Cervids can be infected with a fatal neurodegenerative disease known as chronic wasting disease. CWD can be spread directly through animal-to-animal contact or indirectly through environmental contamination. There is no known cure for the deadly disease and the only detection method is post mortem.

In an attempt to crack down on CWD — which first appeared in Missouri in 2010, the Department of Conservation established a series of regulations designed to curb the disease. The regulations, originally set to go into effect in January 2015, would ban the importation of cervids from out-of-state, impose more rigorous fencing requirements, and impose more rigorous recordkeeping and veterinary inspection requirements.

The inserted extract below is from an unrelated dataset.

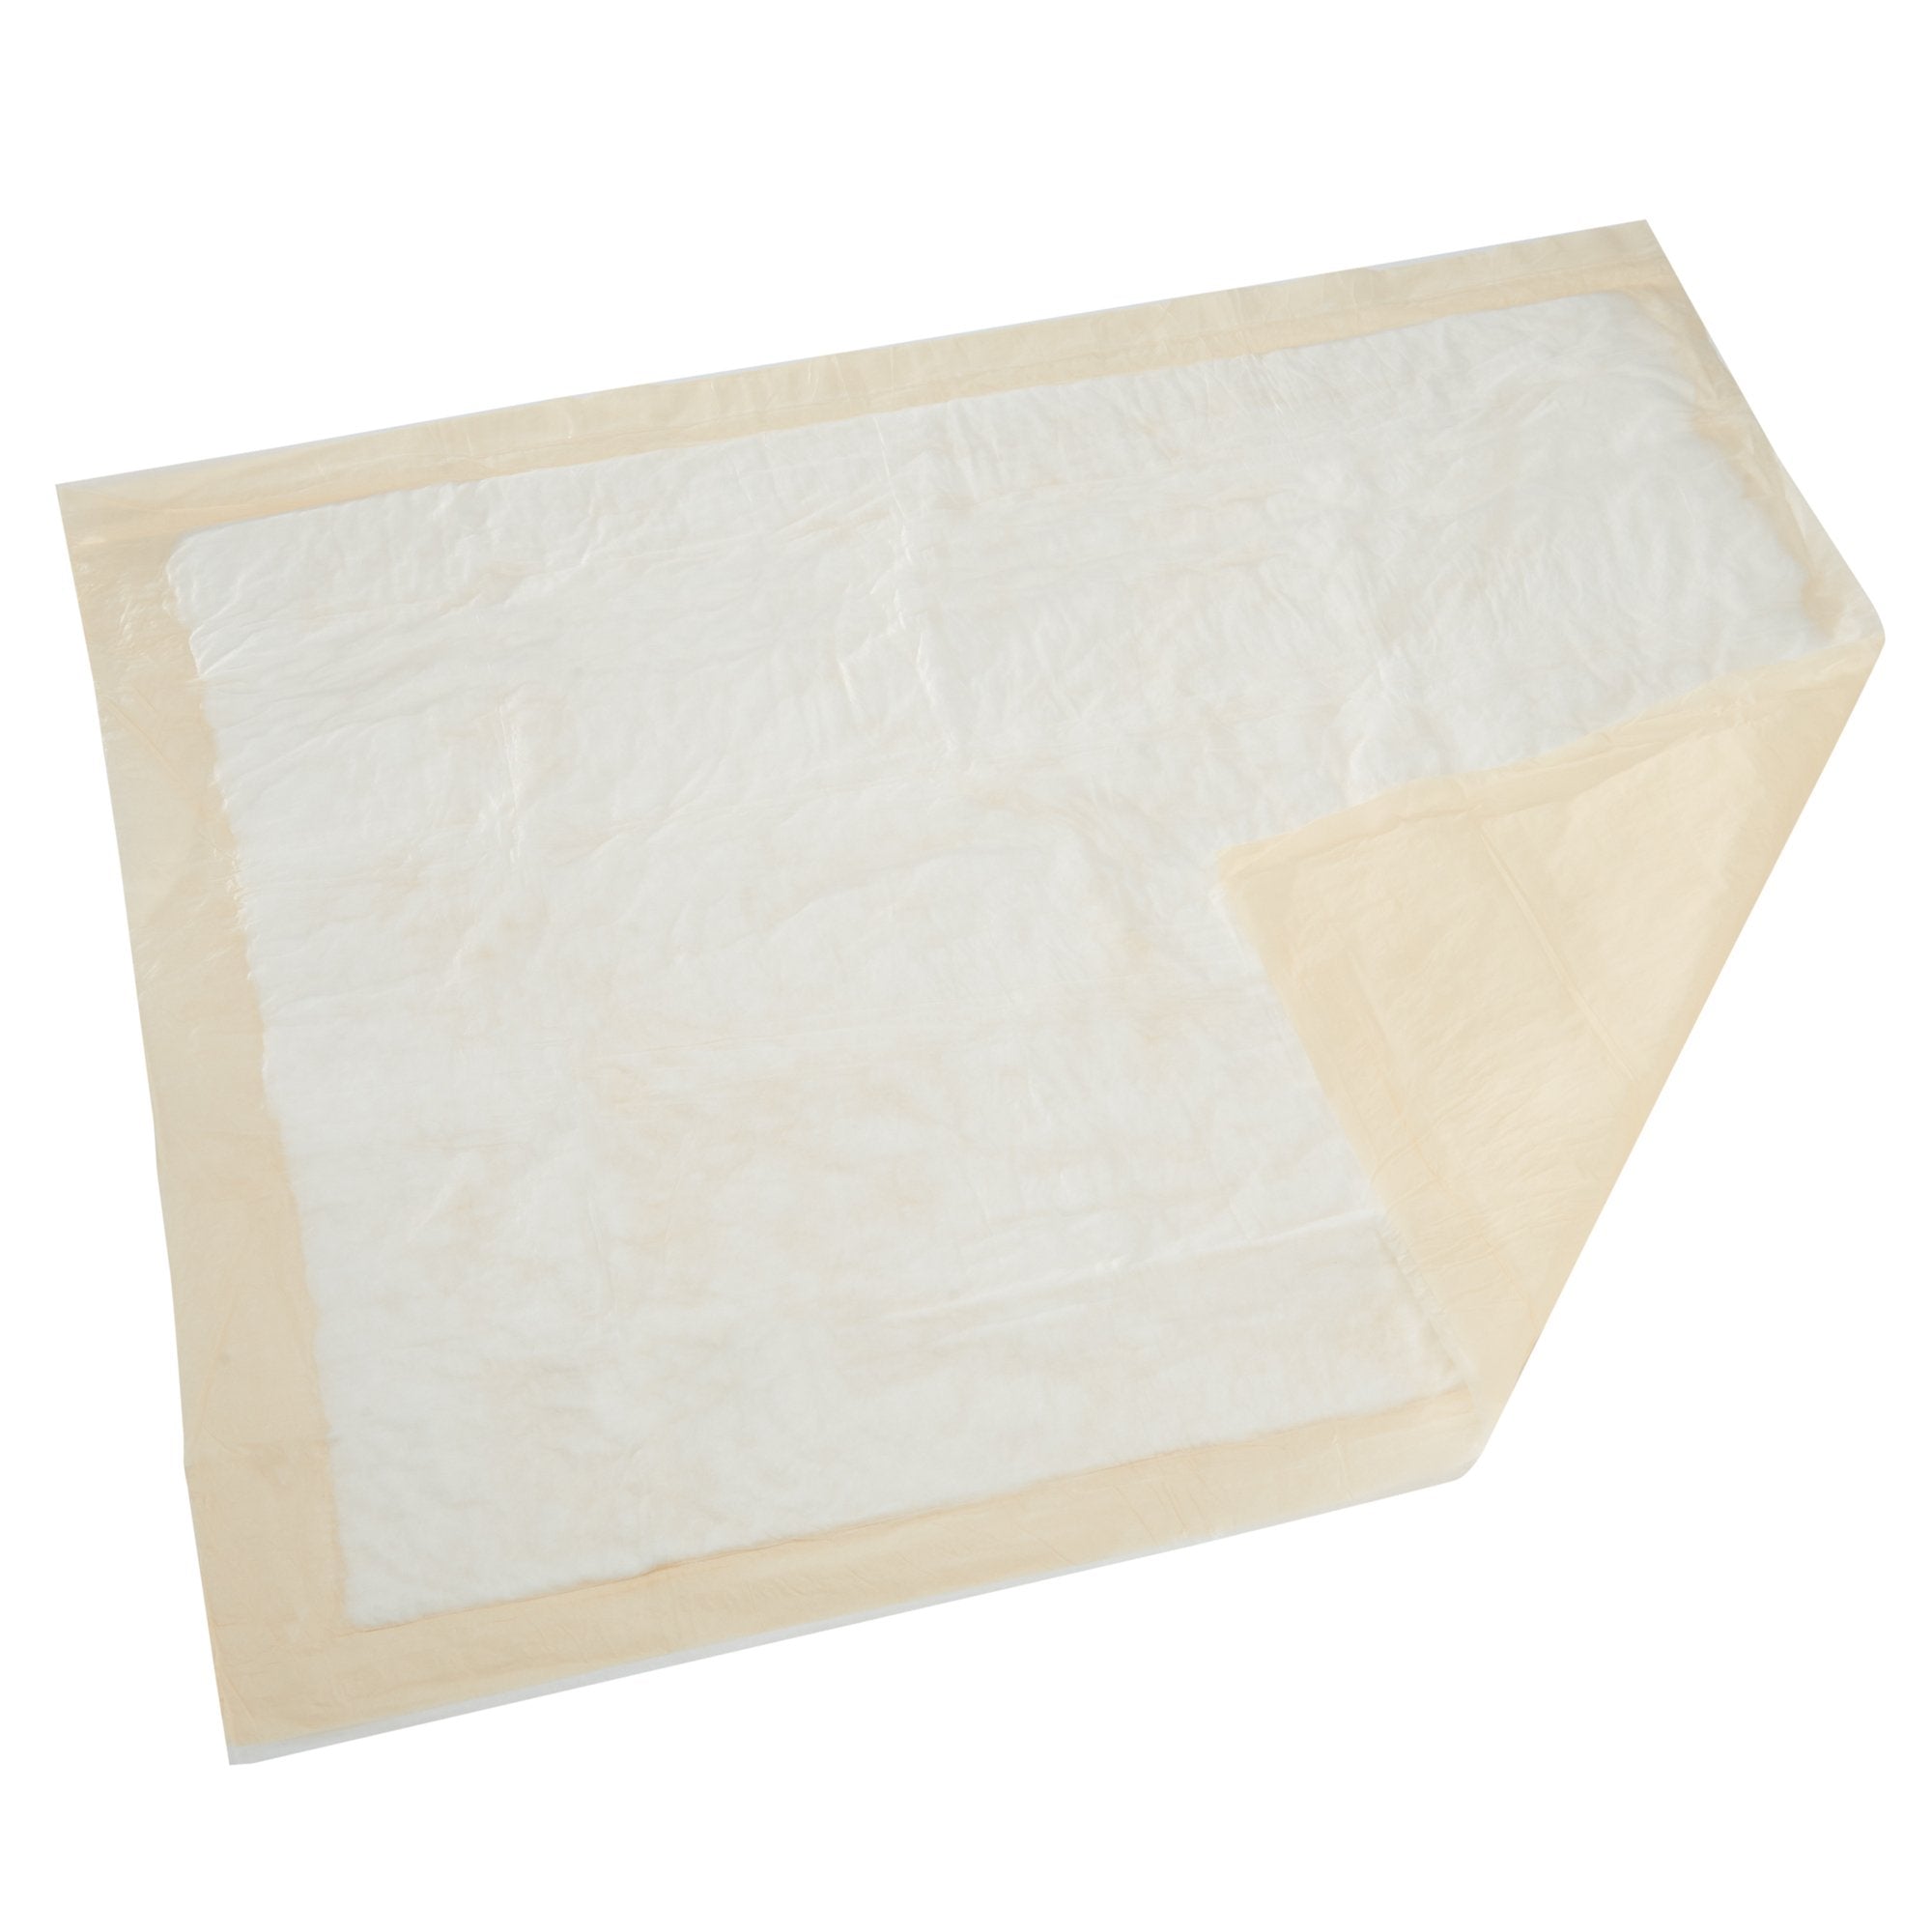 Disposable Underpad Attends Care Night Preserver 30 X 36 Inch Cellulose / Polymer Heavy Absorbency

The owners of Oak Creek Whitetail Ranch, Winter Quarters Wildlife Ranch, and Whitetail Sales and Service, LLC., sued to block the requirements from going into effect alleging the Department of Conservation didn’t have the authority to regulate captive cervids and that it imposed on their constitutional right to farm.

The Missouri Supreme Court reversed a lower court ruling that favored the hunting preserves, saying there is no question that deer are wildlife, even in captivity.

“It makes no difference that said deer were raised in captivity, and had become tame. They are naturally wild,” Judge Paul Wilson wrote quoting a 1907 decision.

The court also held that the hunting reserves “are not engaged in a ‘farming [or] ranching practice’ within the meaning of” the right to farm provision in the Missouri Constitution.

With the court’s ruling, it is likely the regulations will begin being enforced.